Mika and Canaan leave at 1:03 AM, and what's important to learn about them? "With Mika, I am sexually pure," Canaan interviews as they hit the hotel. "That's important to me because of my faith." What's striking about this is that Mika and Canaan don't get the "Dating virgins" that Chuck and Millie used to have. Plus there's Canaan's "with Mika" qualifier, which only serves to make me wonder what his weekly whore budget is. Mika in turn interviews that Canaan likes her for "the right reasons," not because he wants to have sex with her. Normally there would be two ways we could go with that, but since Mika is kind of a knockout, that rules out one of them.

Maria and Tiffany, whose two-hour penalty pushed their departure back to 3:22 (clearly the deck is stacked against them this leg), taxi to the airport, and we see them interview that they're not going to share their real jobs with anyone. "Other teams aren't going to want to help the rich, successful poker chicks do well in this race." They'd much rather help liars. These two had better play it close to the vest. In the cab, Tiffany tells Maria that while she herself may be the brawn of the team, Maria is the brains. "And the boobs." Maria makes a face, like she's thinking that being the brains isn't such a great deal when you clearly got that position by default.
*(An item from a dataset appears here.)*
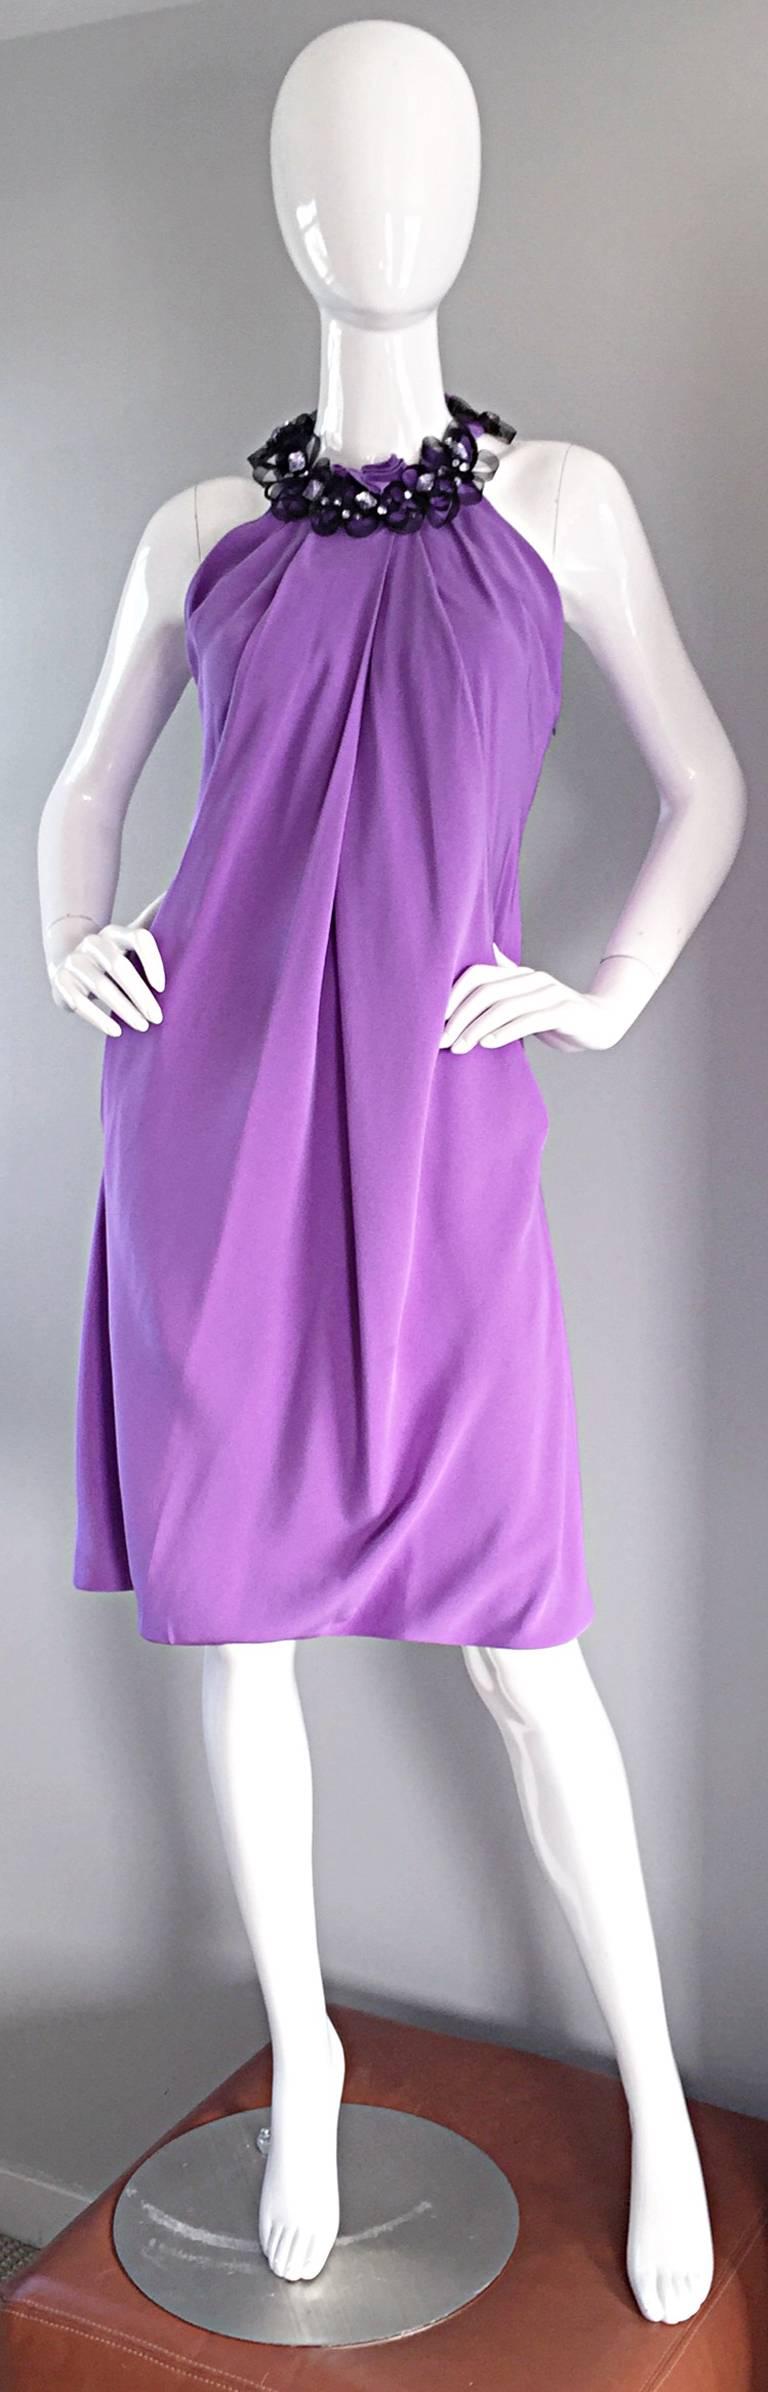 Chic Pamella Roland Light Purple Lilac Beaded Bib Collar Bubble Grecian Dress In Excellent Condition For Sale In San Diego, CA

The sun rises over Narita airport, and Meghan and Cheyne are, unsurprisingly, the first to arrive. It is surprising that it seems to have taken them several hours to have gotten there. Team Miss America arrives next, closely followed by Gary and Matt, who I might consider dubbing Team Cats in the Cradle if that didn't require so much more typing than simply "Gary and Matt." They all want on the same 10:30 flight that the other teams have been booking from the hotel, but the flu-masked ticket agent behind the counter tells them Economy is full. Brian asks if they can buy economy class and sit in business class. What a sacrifice he's offering to make. Although I notice he's not willing to go so far as to subject himself to first class for an economy fare. Meanwhile, the other teams are begging other agents as Team Inside Straight shows up (!), saying that they have a Speed Bump but should be okay provided they stay with the group. Well, but so much of that depends on the luck of the draw. But sure enough, they join the crowd at the counter and call out, "Over here, too." For some reason, this mortally offends Brian and Ericka, who call it "sneaky," "shady," and "low." Wait, what am I missing? Meanwhile, the teams who booked from the internet have arrived, and they hang out smugly on the ticketing floor, discussing how screwed they think the other teams waiting at the counter are. Lance adds of the Poker Chicks that he can't believe they got a Speed Bump. Is that because he feels bad for them? Is he really a big softy despite his Masshole exterior? "Bastards should have been sent home," he clarifies. Oh, charming. He interviews that as a lawyer, he's cutthroat, and that's going to take them to the end. Other teams, beware the power of Lance's shit-talking!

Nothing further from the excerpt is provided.